== COLLECTED DATA

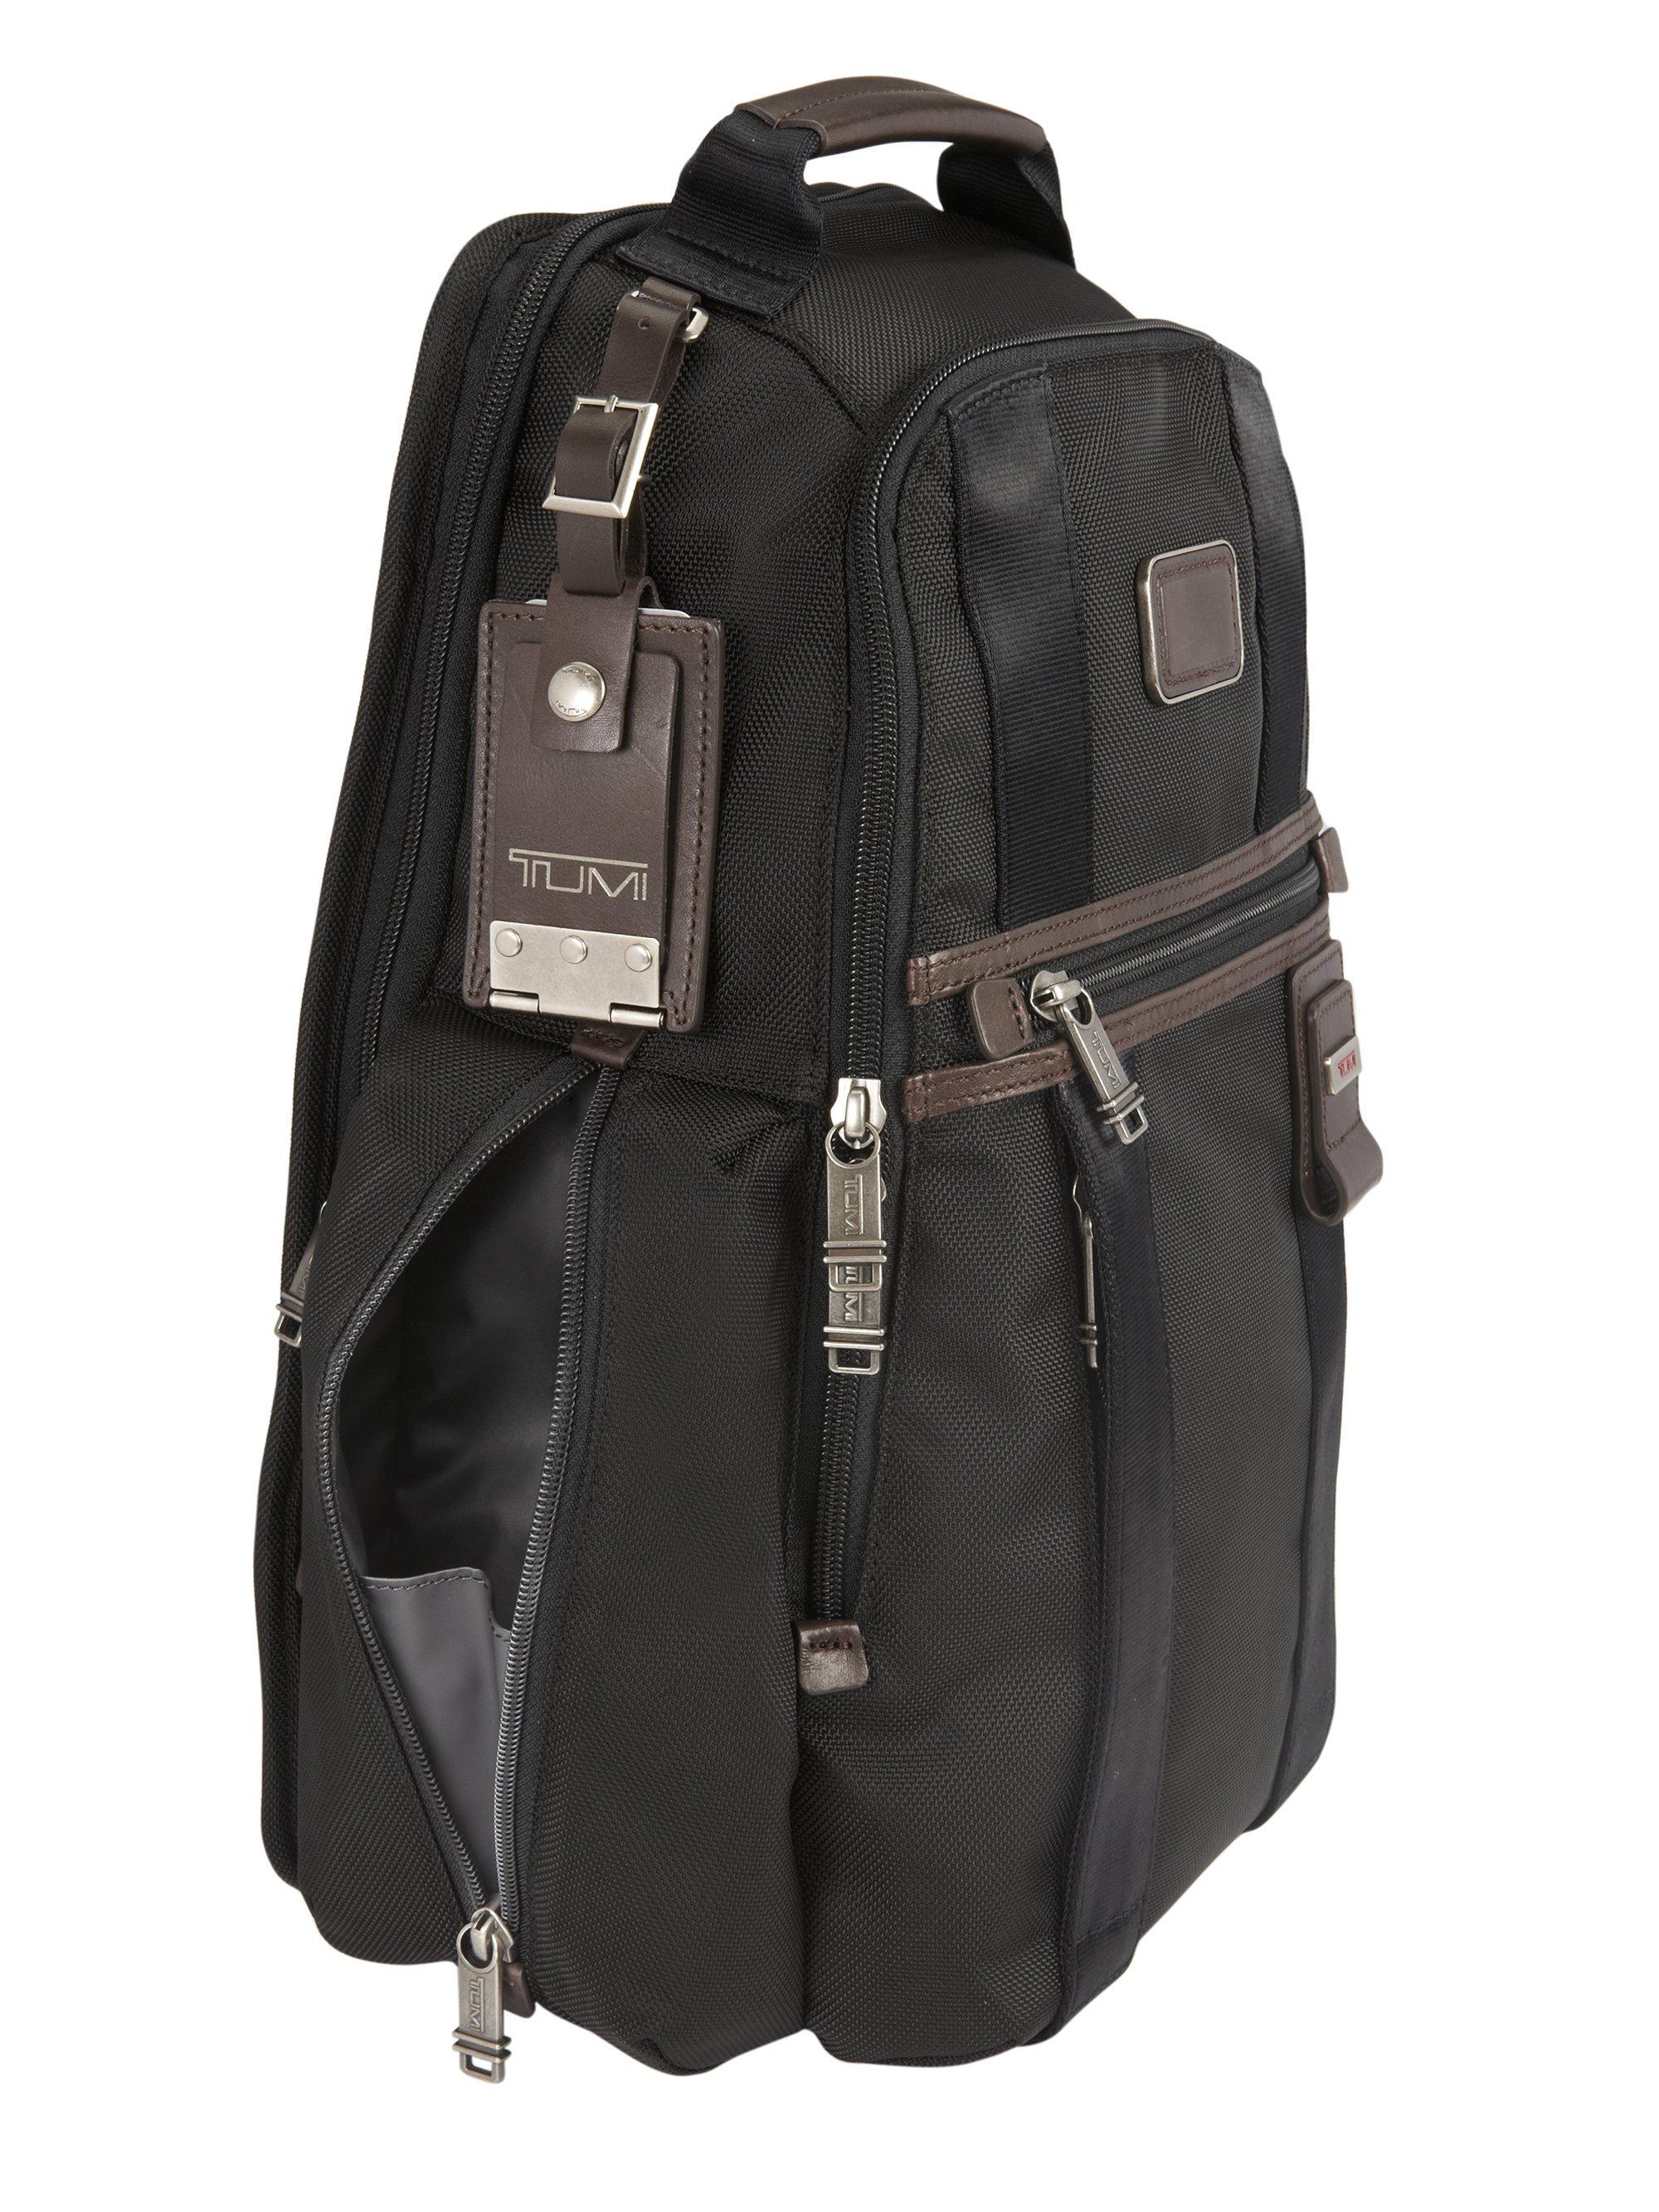 Tumi Bravo Greely Sling Backpack In Black For Men Lyst
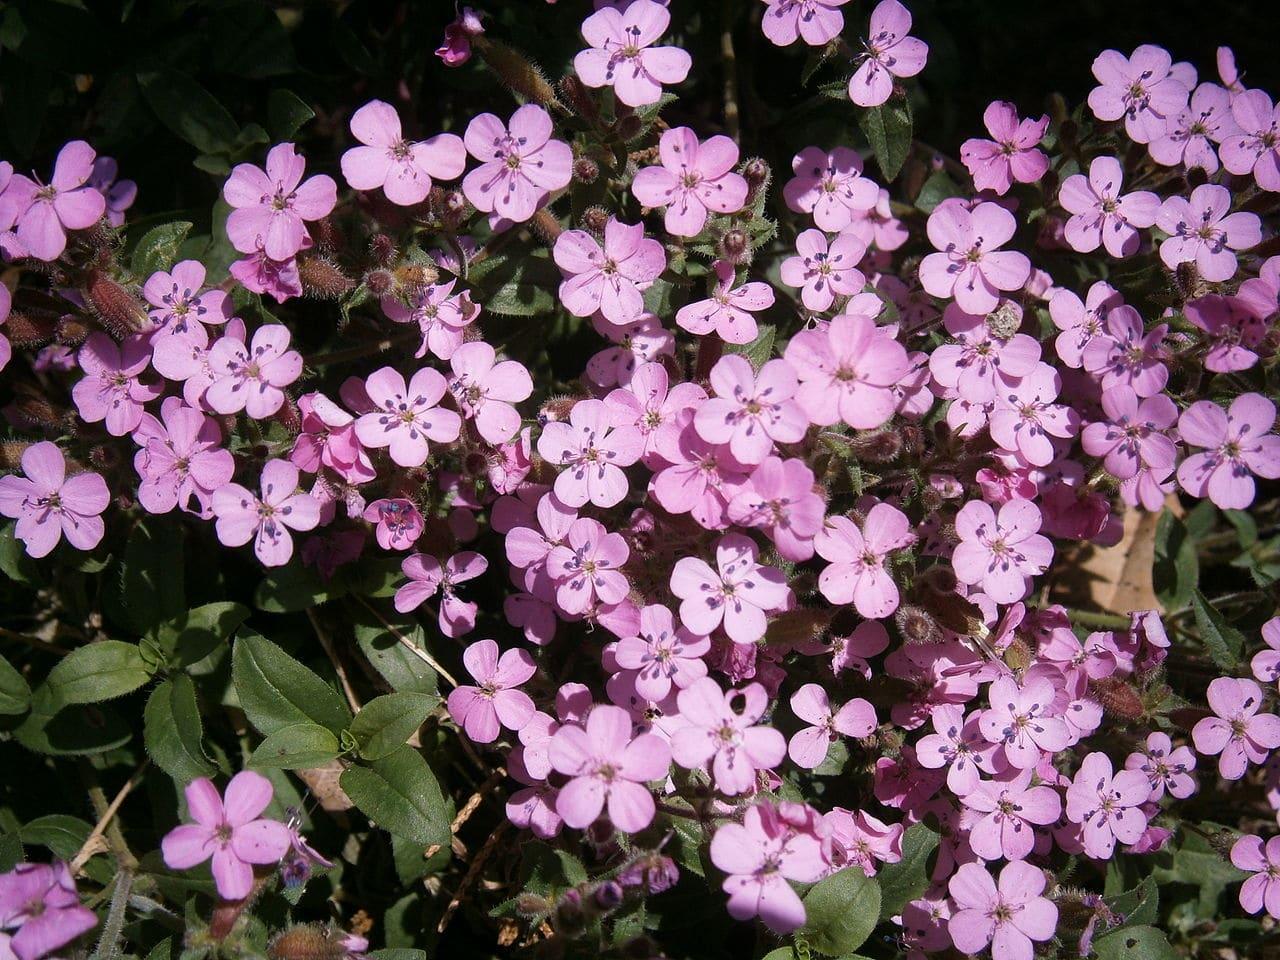 Vista de la saponaria en flor
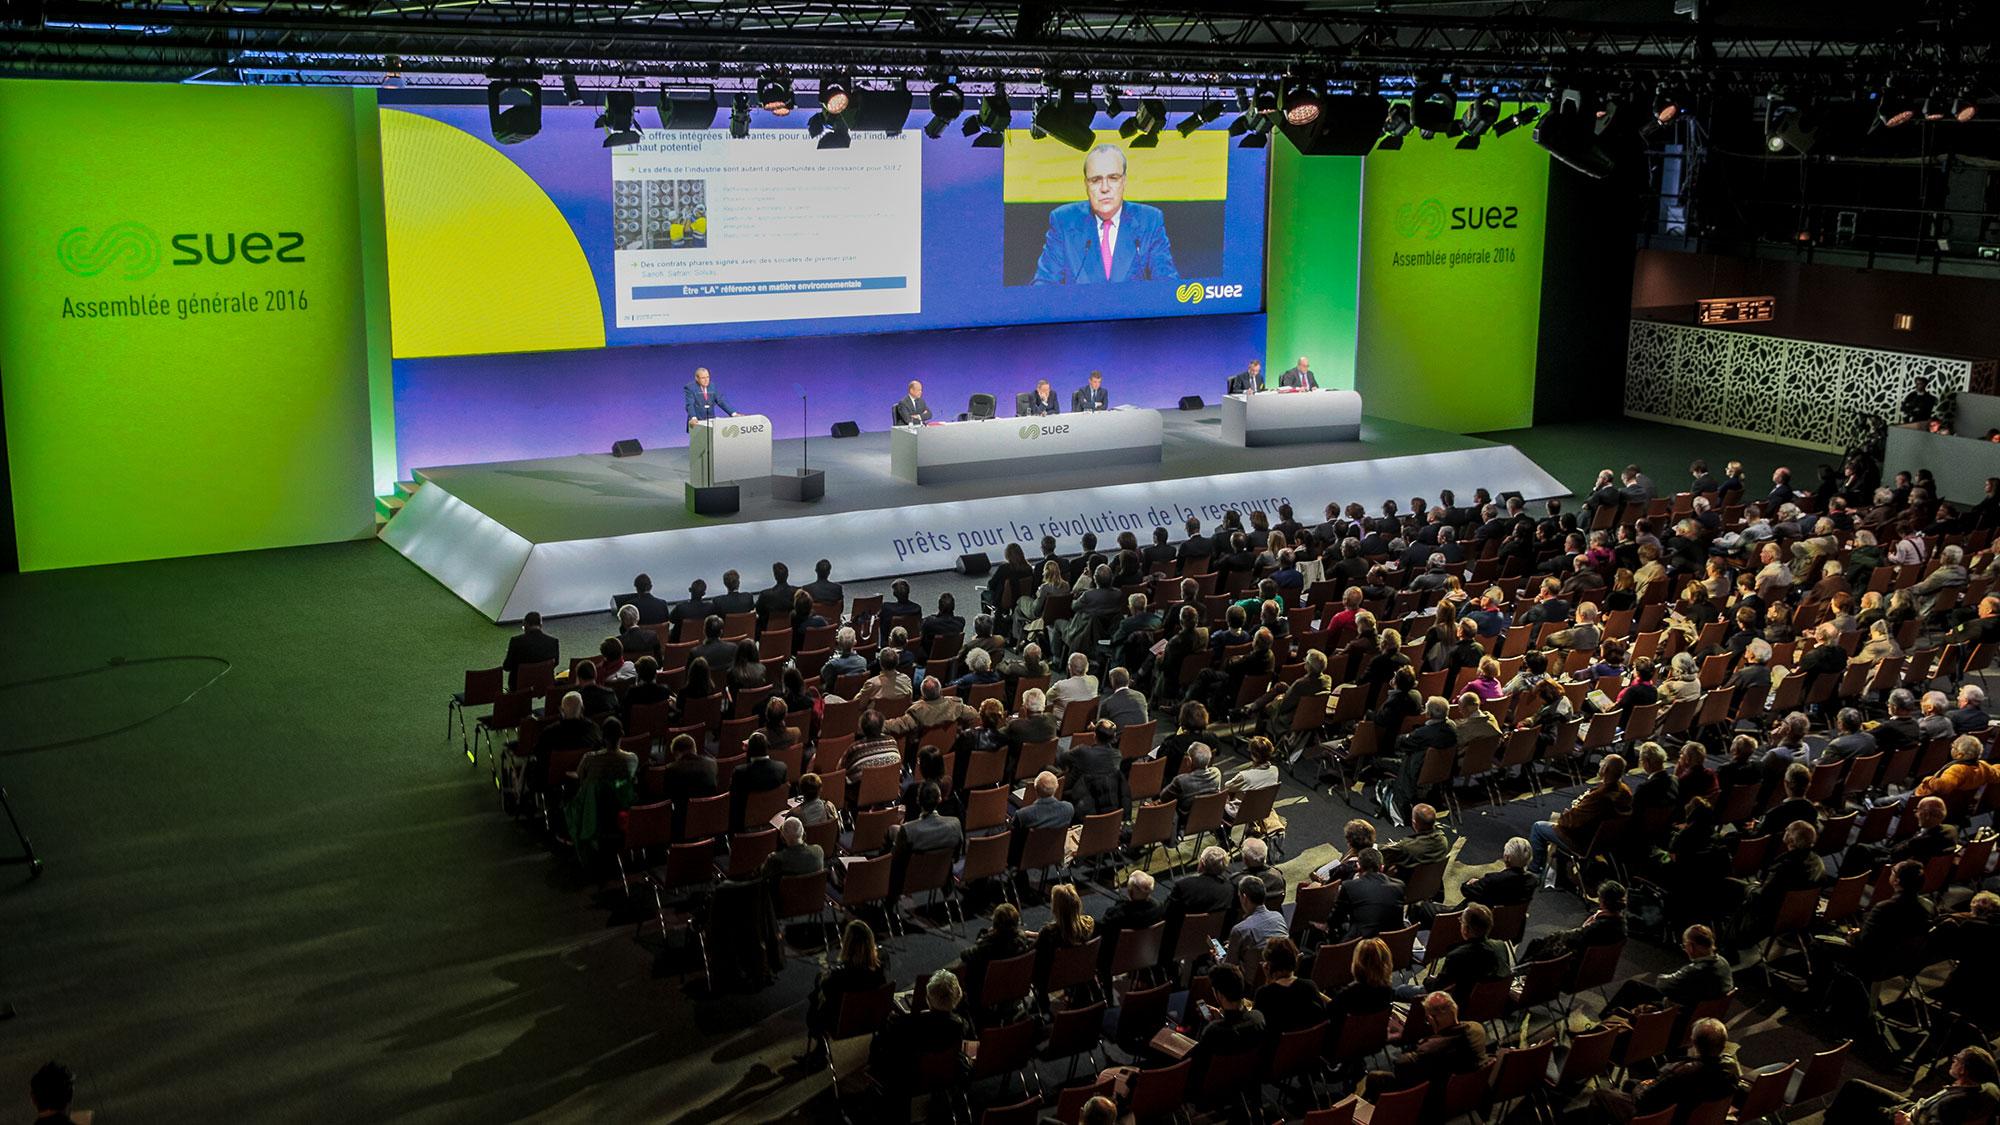 Assemblée générale 2016 de SUEZ

====

ASSIGNMENT: From the first line to the last, retype the data exactly, but omit every image.

TASK OUTPUT:
 Tumi Bravo Greely Sling Backpack In Black For Men Lyst
 Vista de la saponaria en flor
 Assemblée générale 2016 de SUEZ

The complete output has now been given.